Leiter tentatively ruled that the issue of whether the parties to the RMA intended individual CTT members to be third-party beneficiaries of the RMA is a question to be decided by the jury, meaning that interpretation of the RMA is a question of fact, not a question of law. Questions of law are decided by judges, not juries.
Leiter also tentatively ruled that Hollendorfer could seek a declaration of rights regarding the applicability and effect of CHRB rules on the RMA.
Negligence Claim
One of Hollendorfer's claims, in Leiter's words, "is entitled 'negligence' and asserts approximately 16 allegedly negligent acts. One of those acts is 'creating false impressions and light relating to plaintiff's competency as a safe and accomplished horseman.'"
TSG's motion for summary judgment asserts that the plaintiff cannot maintain a cause of action for "negligent false light" as a matter of law, but Hollendorfer's position is that he did not make a separate claim for the tort of false light in the first place in this count.
Leiter tentatively ruled that Hollendorfer did not allege "the elements of false light. There is no distinct claim for false light to be separated out and addressed in a motion for summary adjudication."
Equitable Remedies and Motions in Limine
After taking the summary judgment motions under submission, the minute order directs attorneys for both sides to confer about "how the equitable causes of action will be tried." In an equitable action, among other things a judge, not a jury, may enter an order of injunctive relief requiring a party to refrain from doing a particular act or to perform a particular act.

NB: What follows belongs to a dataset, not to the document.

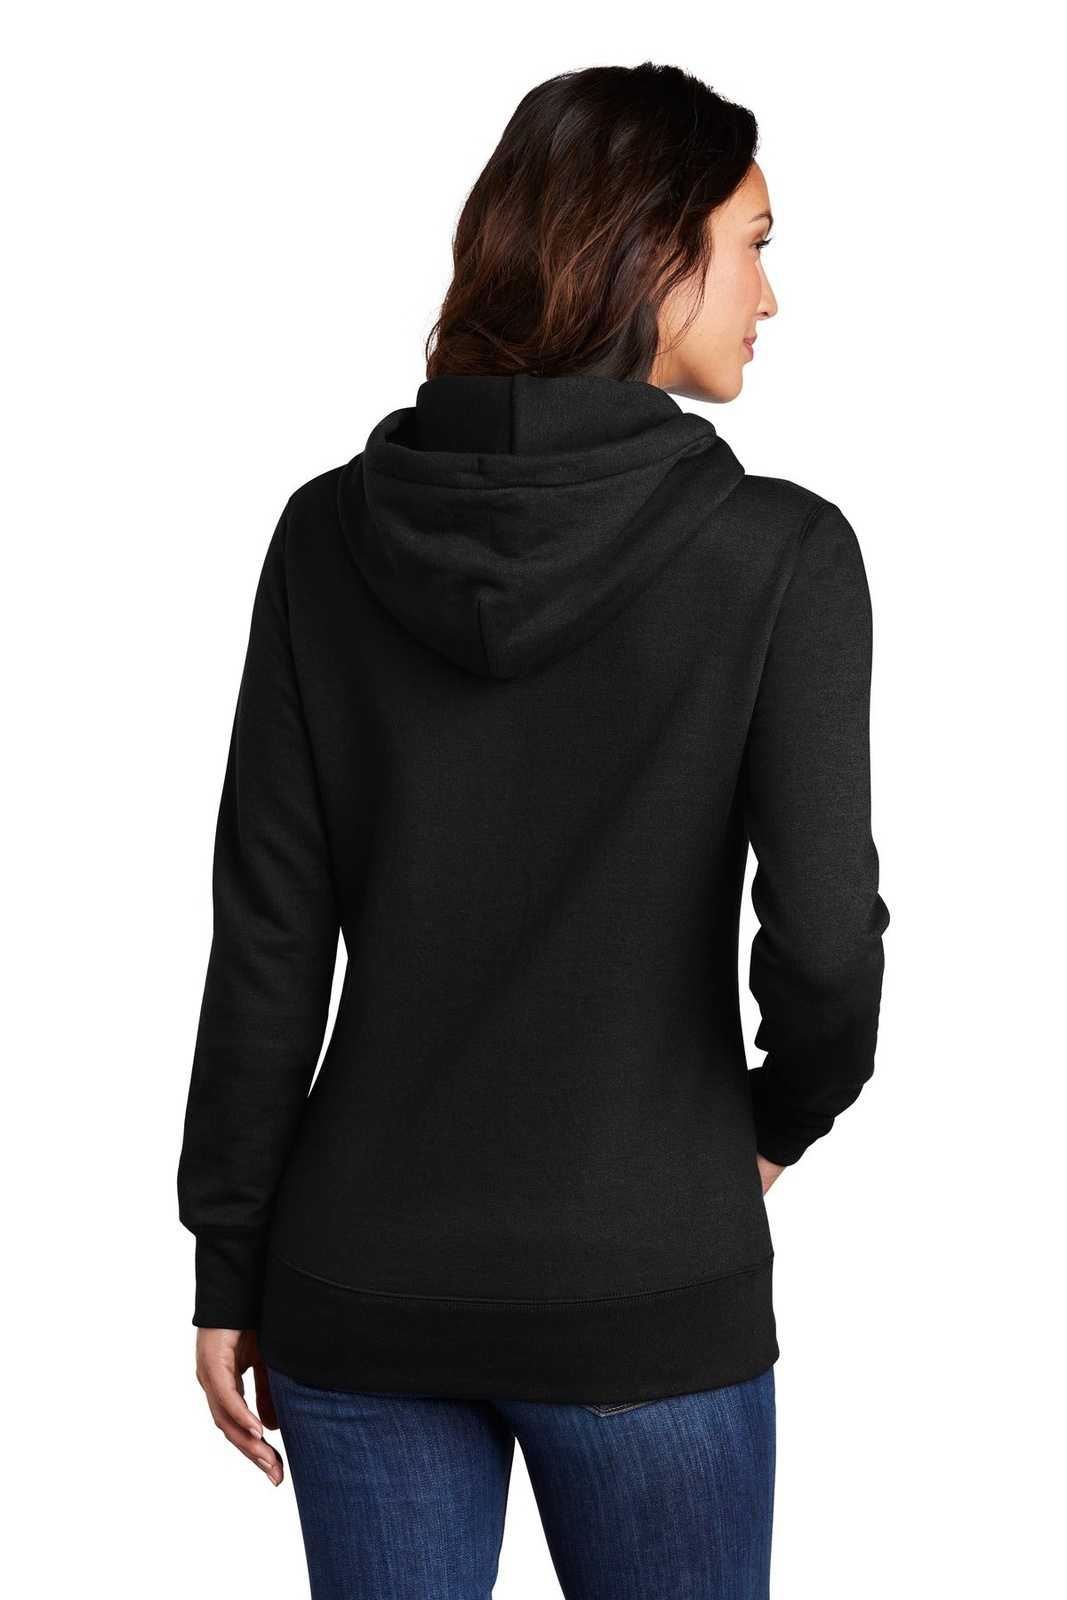 Port &amp; Company LPC78H Ladies Core Fleece Pullover Hooded Sweatshirt - Jet Black - HIT a Double - 2

Equitable remedies weren't mentioned in trial briefs filed last week, and BloodHorse reported Sunday the case in its current posture does not encompass an effort for Hollendorfer to be readmitted to Santa Anita. In Monday's minute order, Leiter ordered briefs on said issues to be filed by Feb. 25.
Hollendorfer's prior pleas to be readmitted to Santa Anita were rejected by Superior Court in September 2019, February 2020, and November 2021. If Hollendorfer is granted equitable relief to re-enter Santa Anita at this point, how that would affect his claims for future monetary damages, if at all, remains to be seen.
TSG's attorneys filed multiple motions in limine to preclude or limit expected testimony of several witnesses. In Monday's minute order, Leiter directed the parties to "meet and confer" about those motions as well as an extensive witness list that mentions 60 people whose testimony would take an estimated 88 hours.
New Trial Date
Leiter ordered the trial to commence at 9:30 a.m. PT, March 14 in Los Angeles at the Stanley Mosk Courthouse, which is a busy place. According to Wikipedia, the building has 100 courtrooms and in normal times has 840 daily workers and 7,000 daily visitors.
Lead attorneys are Drew Couto for Hollendorfer and Luis Li for the TSG entities.